As with everything we've done so far, it will be interesting to see if and how feature importance differs in different events/regimes etc.

hannahbrown7 commented 2 years ago

Having looked it up, general advice is towards using tf.keras rather than keras, so have updated the code to use tf.keras in cell24

hannahbrown7 commented 2 years ago

Regarding how multilevel features are treated during permutation importances: currently, multi-level features are permuted based on their order, the structure of the height levels within the profile is maintained. However, I agree that it will be really interesting to dig down assess the impact of the different height levels. From the data exploration we saw that there was quite a lot of correlation between height levels that were near each other and one of the limitations of permutation importance is if the feature that is permuted are highly correlated with another feature then it appears to have little impact as the model gets the information from the other correlated feature making the permuted feature look less important than it perhaps actually is. So may need a bit of consideration as to whether to take a different approach or just careful interpretation.
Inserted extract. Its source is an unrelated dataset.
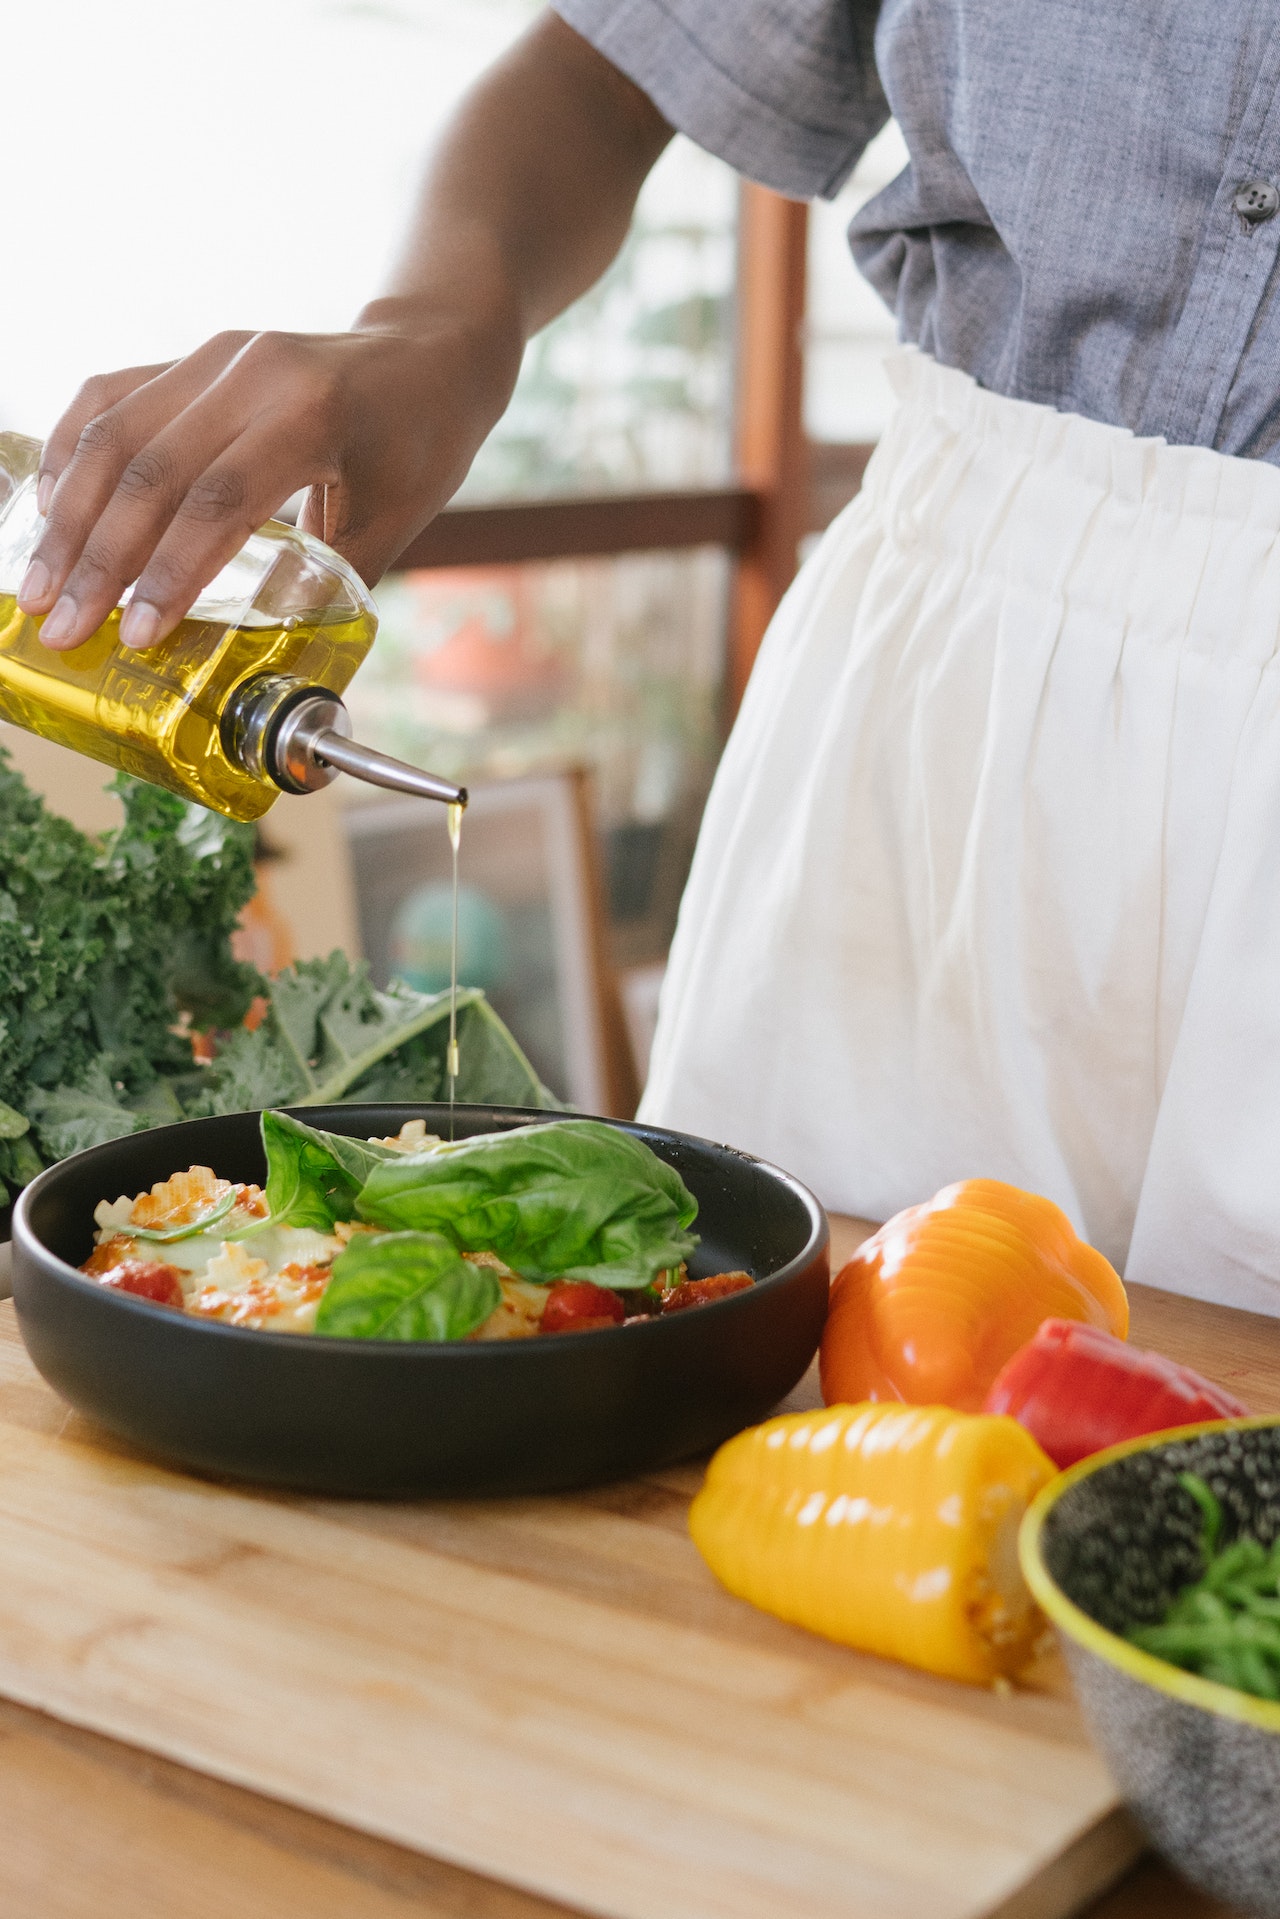 che do an healthy Mediterranean Diet - 5 chế độ ăn “healthy” tốt nhất theo lời khuyên từ chuyên gia

hannahbrown7 commented 2 years ago

Thank you for flagging about different permutation importance plots being created! A random seed is set for splitting the data, so I don't think that will be a factor. It may be partly down to the lack of random seed in the ML model, which my understanding results in as you say different network weight initialisations. Also as it is a small dataset and the features are being randomly permuted, this may cause some variation - probably a combination of factors. While it does seem to vary quite a lot, and concerning that the features don't always seem to be in the same order.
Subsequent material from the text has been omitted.